しかしその走りでは最後の100mで12秒以上かかり、準決勝を勝ち抜けない。今季の中島は前半が少し遅くなっても力を使わないことを優先し、最後の100mで勝負できる走りを目指した。それでも東京世界陸上予選の前半200mは、ブダペストとほぼ同じ通過タイムである。つまり後半に余力を残す前半の走りをしても、以前と同じスピードを出せた。その走りが、中島の準決勝突破を可能にしたのである。
■“東京世界陸上”の準決勝に現れた2人の走りの違い
高野の91年東京世界陸上準決勝は、前半を21秒0と自身の日本記録時より0.3秒速く入ってしまった。200mはトップで通過したが、残り150mを切ってから2人に抜かれ3位でフィニッシュした。あと0.12秒落ちていたら、決勝に届かなかった。
当時の記事で高野は「あんな応援には慣れていないので、つい力が入ってしまいました。今日の200mは速いというより、浮いていた。平常心を失っていましたね。ラストであれだけ止まったのは初めてです」(陸上競技マガジン1991年10月号)とコメントしている。
それに対して中島は冷静に自身のやりたい走りを貫き、最後の100mで順位を上げている。高野は世界に挑む過程で後半型から前半型に、走りを変える必要があった。それに対して中島は、前半を速く入るのが当たり前の状況で日本トップレベルに成長し、本来の後半型に戻している。その違いが2人の“東京世界陸上の準決勝”に現れた。
決勝の通過タイムを見ても、高野が後半で大きくペースダウンしたのに対し、中島は予選、準決勝と変わらず最後に順位を上げている。200m通過は高野の21秒41に対し中島は21秒68、フィニッシュが高野45秒39、中島44秒62である。ただ34年前はラウンドが1次予選・2次予選・準決勝・決勝で、現在より1本多かった。日程も準決勝まで3日連続で走り、中1日で決勝というスケジュール。予選・準決勝・決勝と全て中1日で行われた今回よりはるかにハードだった。
時代の違いや高野の功績は、中島も十二分にわかっている。高野の7位を上回った感想を問われ、次のように答えた。

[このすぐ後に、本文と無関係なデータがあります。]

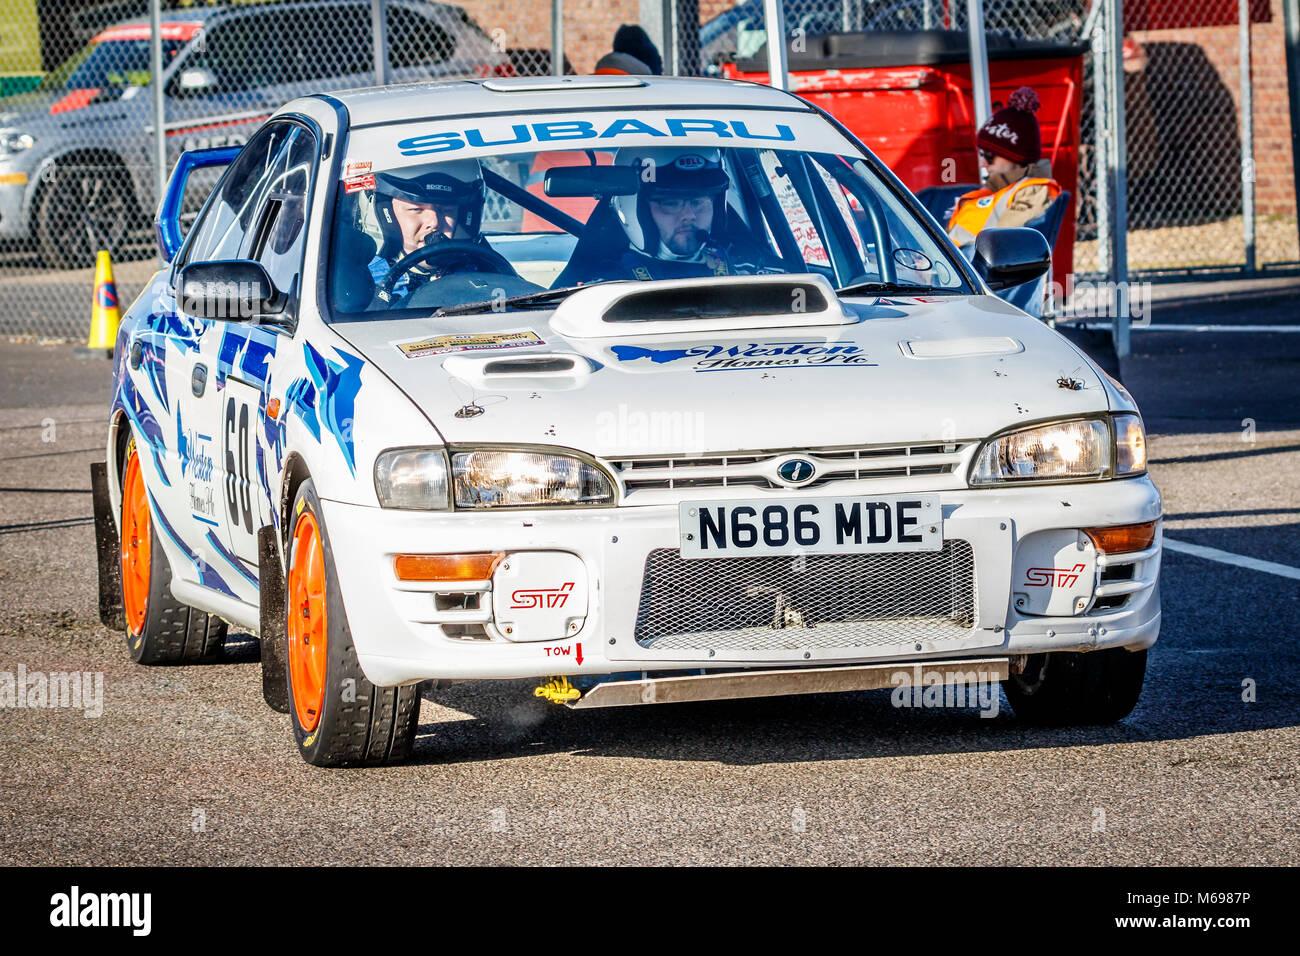 Shaun Weston and Dean Mevo in the Subaru Impreza in the paddock at the 2018 Motorsport News Snetterton Stage Rally, - Stock Image
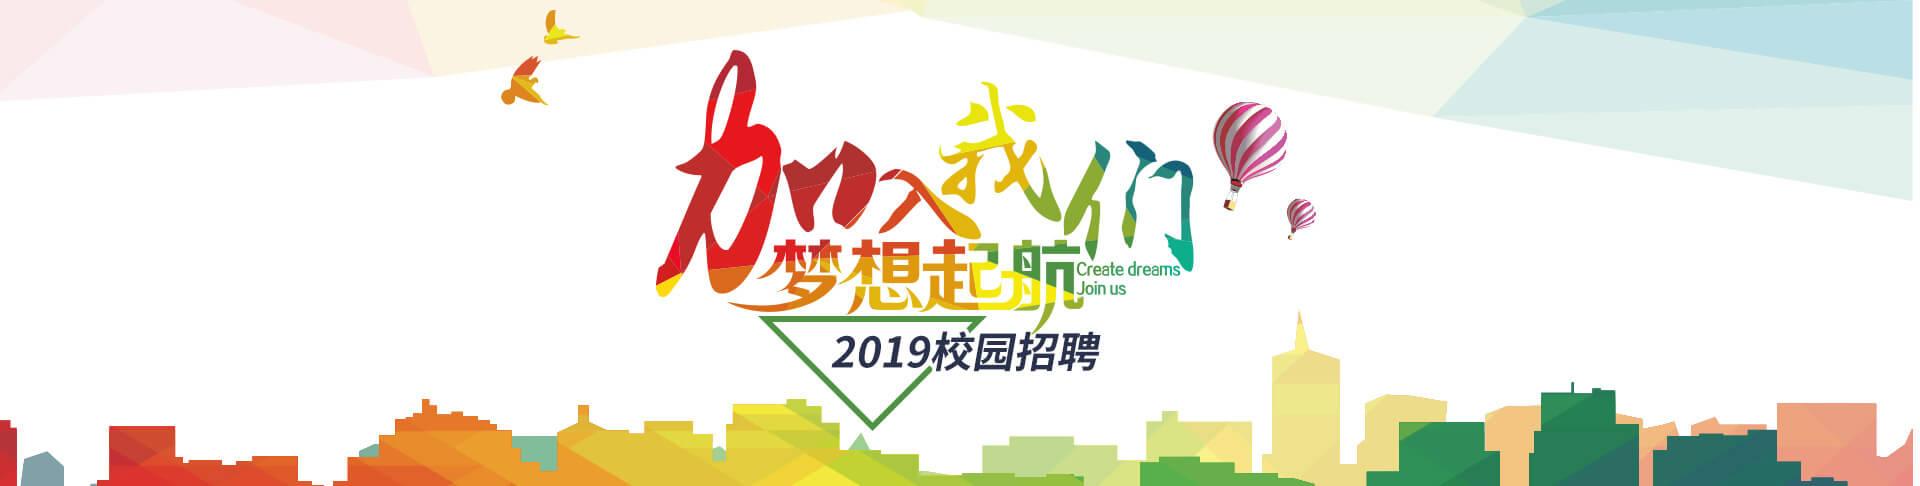 �V西南��泳涵洋鑫房地�a投�Y有限公司logo

「感慨深いですね。高野先生は僕にとって英雄ですし、日本の400mを切り拓いてきた偉大な先人です。僕が絶対に超える気持ちを常に持って来て、今回34年前に高野先生が残された決勝進出に並ぶ絶好の機会をいただけて、そのチャンスをものにできたことは本当に嬉しいです。高野先生がSNSで『ジョセフありがとう』と言ってくださっていたことも、400mをより活気のある種目にするための一歩を踏み出せたと、僕が勝手に先生の言葉を感じているんですが、ほんと嬉しかったです」
中島は決勝のレース後に、次のような言葉も話している。
「ようやく夢に見てきた決勝という舞台を、それも国立競技場で、地元東京で走ることができて幸せだったのですが、それよりも先に悔しいっていう感情がレース後に出てきました。最後、なんとか追いついて6位でしたが、やはり力足らずで、やっぱりメダル取りたかったですね」
高野の口から出てこなかったメダルという言葉を、中島がレース直後に発していた。高野の快挙から34年。同じ東京の地で、男子400mがレベルアップしたことを中島が実証した。